REQUEST FOR REIMBURSEMENT INSTRUCTIONS
Please complete the Request for Reimbursement Form in its entirety, use our secure on-line portal, or our SABCFLEX mobile app for smart phones, to submit your claim. Incomplete forms will delay the processing of your request. Expense’s that incur in separate plan years must be accompanied by a separate request form. All expenses must have INCURRED (date services provided, not paid) within your plans coverage period and after your effective date in the plan. Add all receipts and write the amount in the appropriate space. If faxing or mailing please Copy all smaller receipts onto an 8.5 x 11 sheet of paper for scanning purposes. Do not complete separate forms for each receipt, statements, and/or insurance explanation of benefits, only for separate Plan Years.
With SABC’s express service, requests may be faxed, mailed, submitted securely online, mobile app or you may bring them to our office. Checks are processed between 8am-4pm. All mailed requests will processed the day it is received. In normal circumstances, faxed or emailed claims, received after 2pm, will be processed the following business day. Claims may be delayed if it is not legible or if further information is needed.
DEPENDENT CARE(DC): All DC receipts must have the following information: Care providers tax identification number or social security number, child(ren) name, date of birth, and/or age, amount of expense and date of service, not date paid. Note: Book, activity feeds, and meals not included in tuition, overnight camps and other incidental fees, ARE NOT REIMBURSABLE.

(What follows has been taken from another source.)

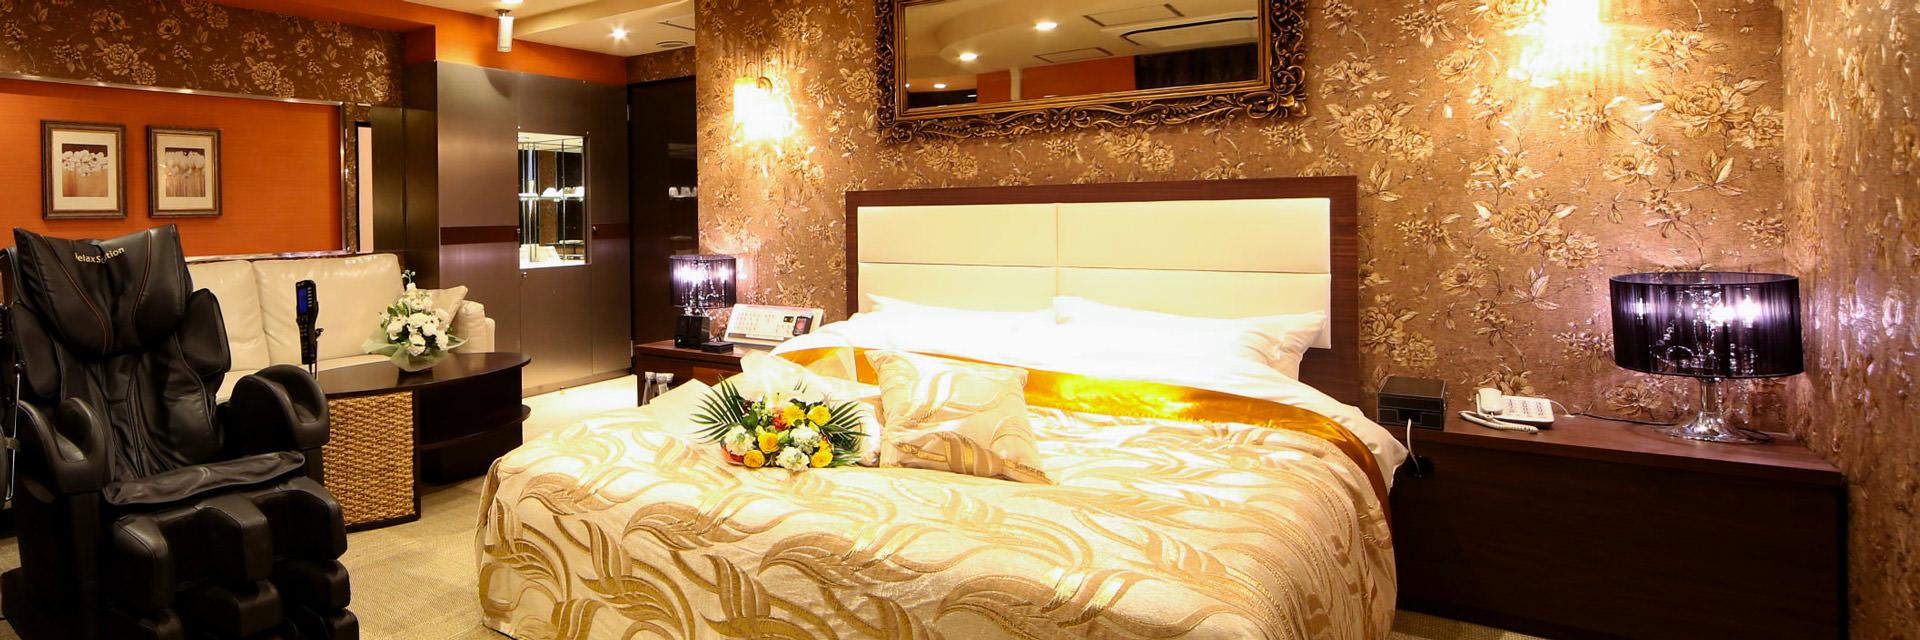 Room903

UNREIMBURSED MEDICAL(URM): All URM receipts must have the following information: A medical provider’s name & address, date of service (not date paid), type of service/expense and cost of expense(s). NOTE: Statements with a Balance Forward or Previous Balance that do not include the date and type of service are NOT REIMBURSABLE.
Medical expenses must have patients name. Prescription drugs must include the name of the drug and RX number on the receipt, along with the information indicated above.
IMPORTANT: All claims must be filed with your insurance carrier first. To claim your expenses, an Explanation of Benefits from your insurance carrier is preferred and may be required. The amount you pay your provider at the time of service is not necessarily the amount you will ultimately owe. Your insurance carrier will reduce your out of pocket cost, through network discounts and other predetermined agreements, and a credit will appear on your account.
All documentation must originate from a third party provider.
HEALTH REIMBURSEMENT ARRANGEMENT(HRA): If you are claiming expenses under your employers HRA, you must submit a copy of your Explanation of Benefits (EOB), provided by your insurance carrier and complete the claim form, provided by your employer. If your plan allows for reimbursement of dental or vision, your receipts must be in the form of an EOB, or contain the following information; Date of Service, Medical Providers name and address, type of service and cost of service after insurance, if applicable.
IMPORTANT: You can only be reimbursed for out of pocket expenses once. If your out of pocket expenses have been reimbursed by one type of arrangement (i.e. HRA or HSA) they can not be reimbursed by any other type of arrangement (i.e. URM). Your plan may specify which spending arrangement must pay first. Please refer to your summary plan description (SPD) for further information. If you and/or spouse or dependents are covered by a Health Savings Account (HSA), coverage under your (URM) will be restricted to dental and vision.
If reimbursed by check, claims must exceed $15.00 before reimbursement will be made. Final claims less than $15.00 and more than $1.00 will be reimbursed at the end of the plan year. Only eligible expenses, not reimbursable by insurance and/or any other third party, are reimbursable through other arrangements.